Assembly standard 10 was developed by Tom Knight, and is the most widely used assembly standard. It involves the use of restriction enzymes. Every BioBrick part is a DNA sequence which is carried by a circular plasmid, which acts as a vector. The vector acts as a transport system to carry the BioBrick parts. The first approach towards a BioBrick standard was the introduction of standard sequences, the prefix and suffix sequences, which flank the 5 and 3 ends of the DNA part respectively. These standard sequences encode specific restriction enzyme sites. The prefix sequence encodes EcoRI (E) and Xbal (X) sites, while the suffix sequence encodes SpeI (S) and PstI (P) sites. The prefix and the suffix are not considered part of the BioBrick part. To facilitate the assembly process, the BioBrick part itself must not contain any of these restriction sites. During the assembly of two different parts, one of the plasmids is digested with EcoRI and SpeI. The plasmid carrying the other BioBrick part is digested with EcoRI and Xbal. This leaves both plasmids with 4 base pair (bp) overhangs at the 5 and 3 ends. The EcoRI sites will ligate since they are complementary to each other. The Xbal and SpeI sites will also ligate as the digestion produces compatible ends. Now, both the DNA parts are in one plasmid. The ligation produces an 8 base pair "scar" site between the two BioBrick parts.
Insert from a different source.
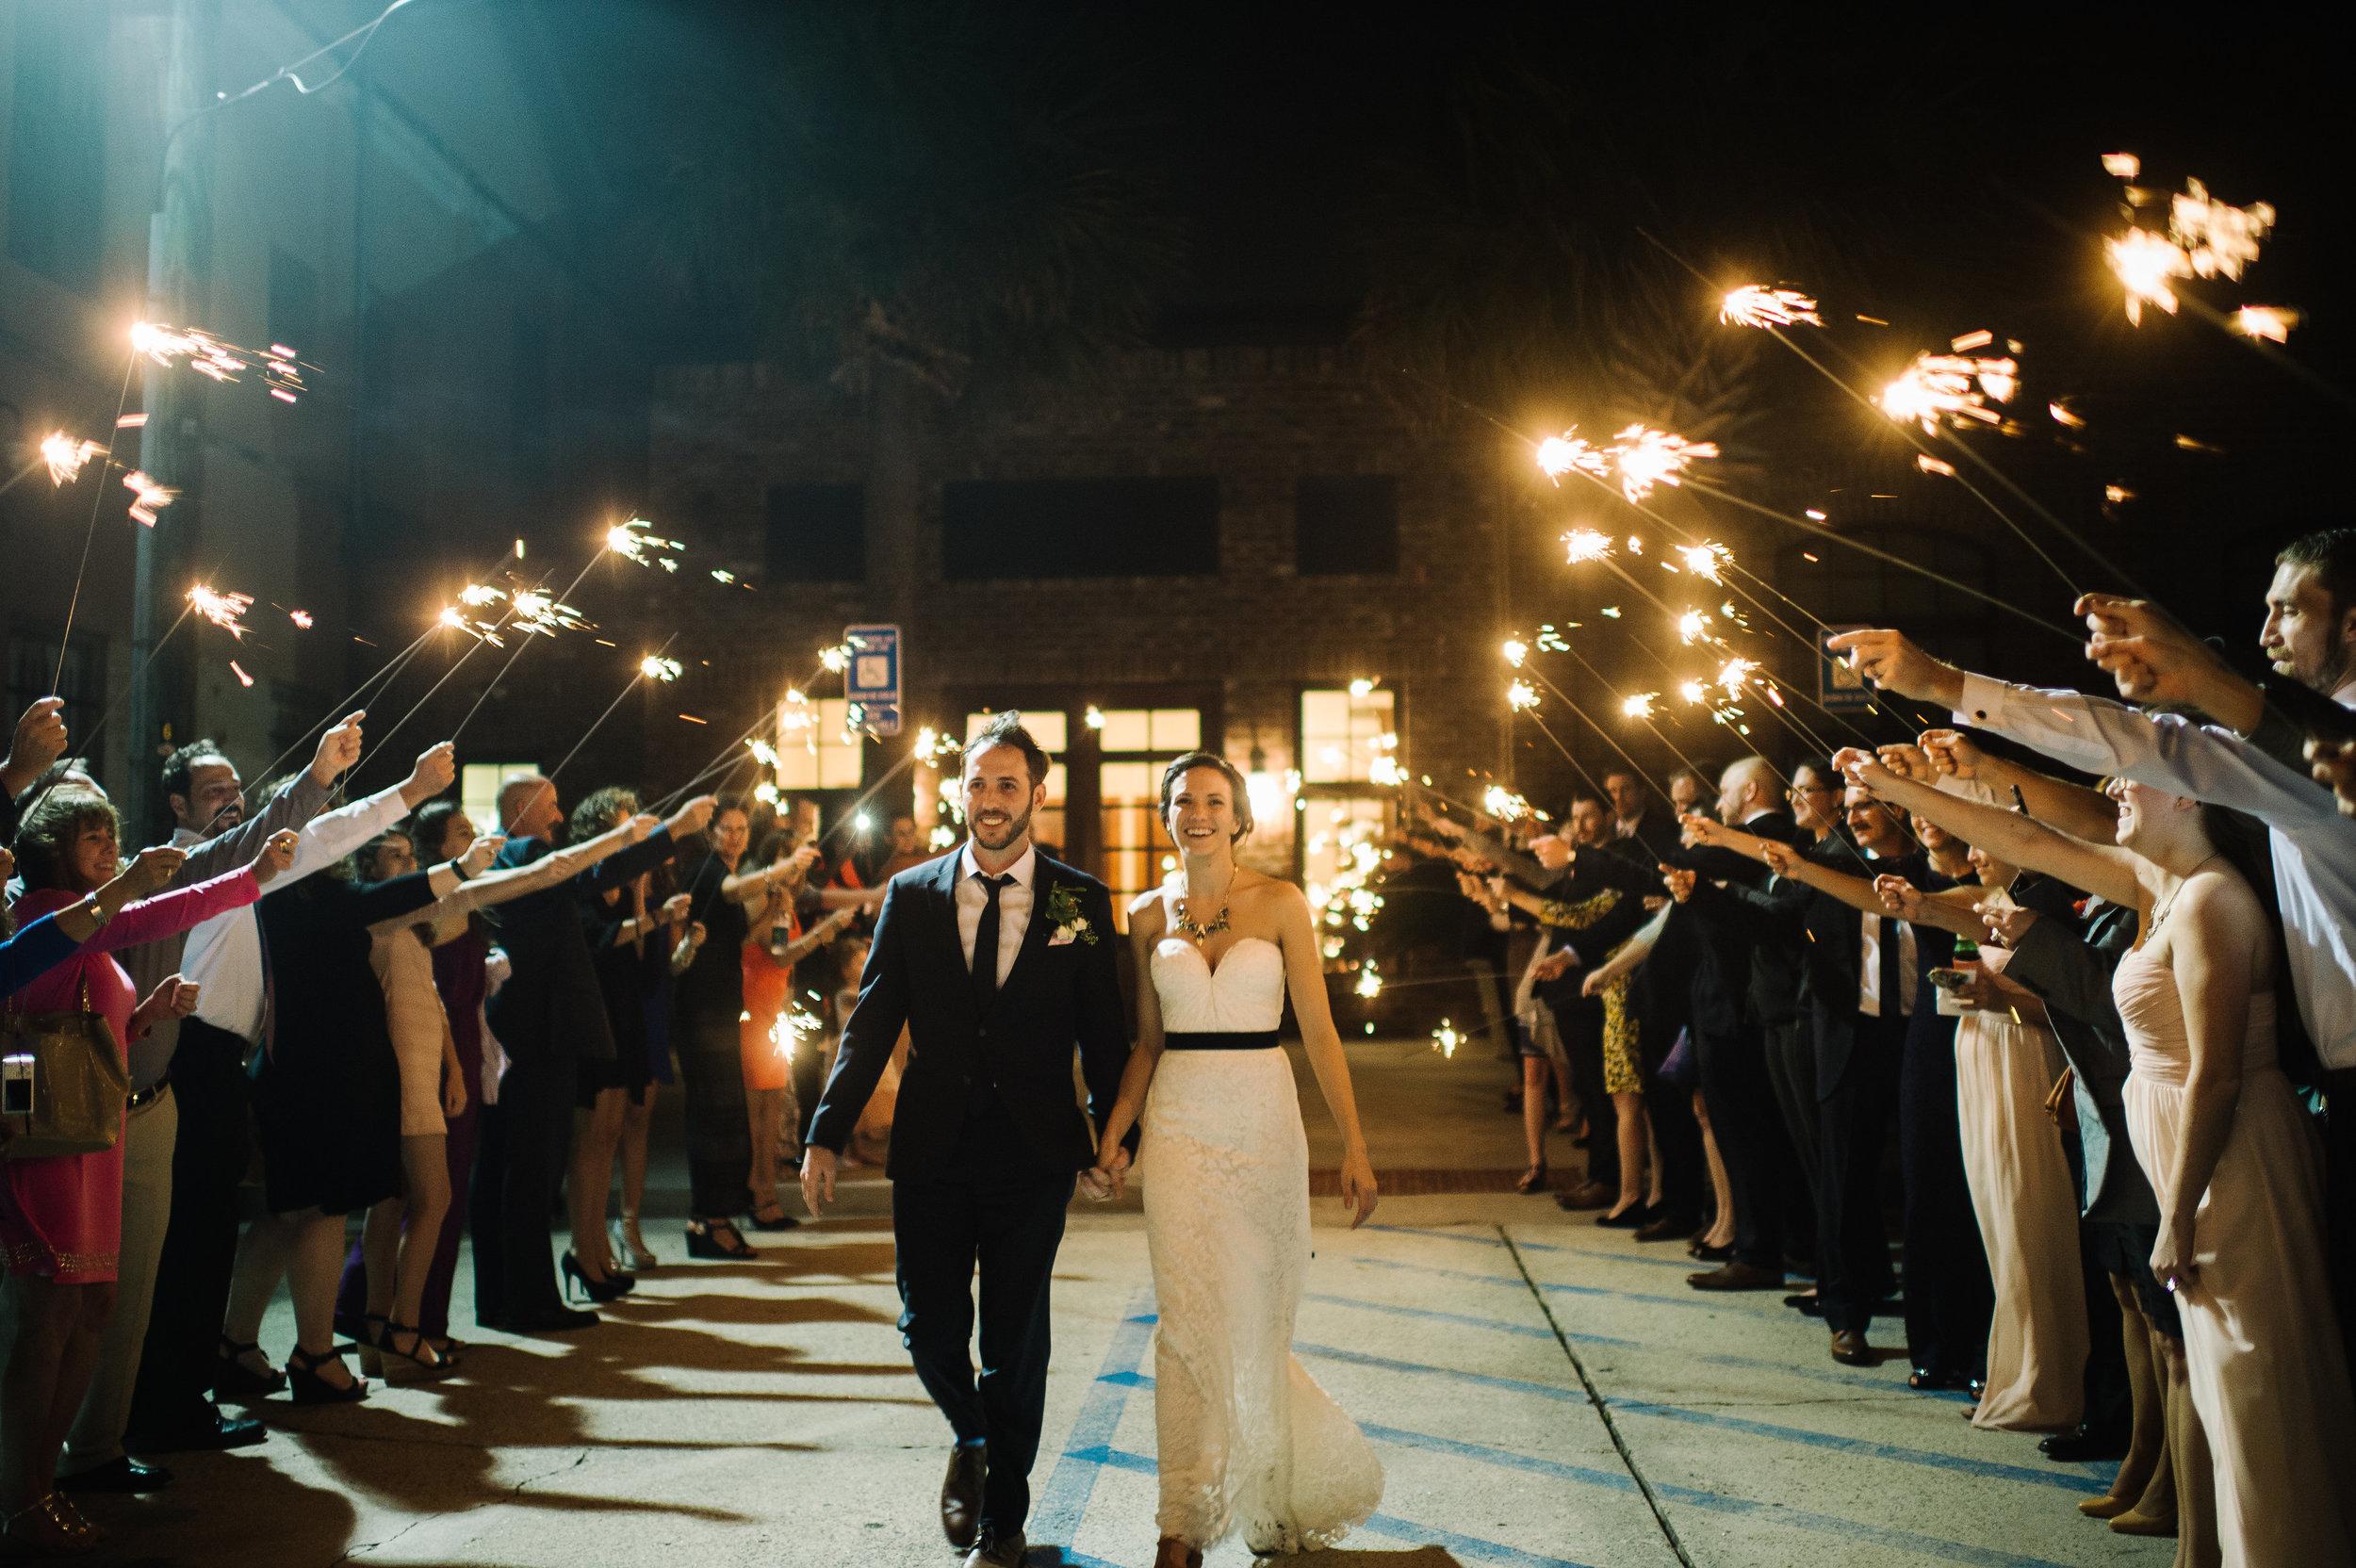 amber-and-paul-rach-loves-troy-charles-h-morris-center-wedding-sarah-seven-helene-lace-wedding-dress-ivory-and-beau-bridal-boutique-savannah-wedding-planner-savannah-event-designer-savannah-florist-savannah-weddings-savannah-bridal-boutique-46.jpg

Since the scar site is a hybrid of the Xbal and SpeI sites, it is not recognized by either restriction enzyme. The prefix and suffix sequences remain unchanged by this digestion and ligation process, which allows for subsequent assembly steps with more BioBrick parts.

This assembly is an idempotent process: multiple applications do not change the end product, and maintain the prefix and suffix. Although the BioBrick standard assembly allows for the formation of functional modules, there is a limitation to this standard 10 approach. The 8 bp scar site does not allow the creation of a fusion protein. The scar site causes a frame shift which prevents the continuous reading of codons, which is required for the formation of fusion protein.

Tom Knight later developed the BB-2 assembly standard in 2008 to address problems with joining the scars of protein domains and that the scars consist of eight bases, which will yield an altered reading frame when joining protein domains. The enzymes used for digestion of the initial parts are almost the same, but with modified prefixes and suffixes.

=== BglBricks assembly standard ===
The BglBrick assembly standard was proposed by J. Christopher Anderson, John E. Dueber, Mariana Leguia, Gabriel C. Wu, Jonathan C. Goler, Adam P. Arkin, and Jay D. Keasling in September 2009 as a standard very similar in concept to BioBrick, but enabling the generation of fusion proteins without altering the reading frame or introducing stop codons and while creating a relatively neutral amino acid linker scar (GlySer). A BglBrick part is as a DNA sequence flanked by 5 EcoRI and BglII sites (GAATTCaaaAGATCT) and 3 BamHI and XhoI sites (GGATCCaaaCTCGAG), and lacking in these same restriction sites internally. The upstream part in the pairwise assembly is purified from an EcoRI/BamHI digest, and the downstream part+vector is purified from an EcoRI/BglII digest. Ligation of these two fragments creates a composite part reforming the original flanking sites required in the part definition and leaving a GGATCT scar sequence at the junction of the parts, a scar that encodes the amino acids glycine and serine when fusing CDS parts together in-frame, convenient due to the GlySer dipeptide being a popular linker of protein domains.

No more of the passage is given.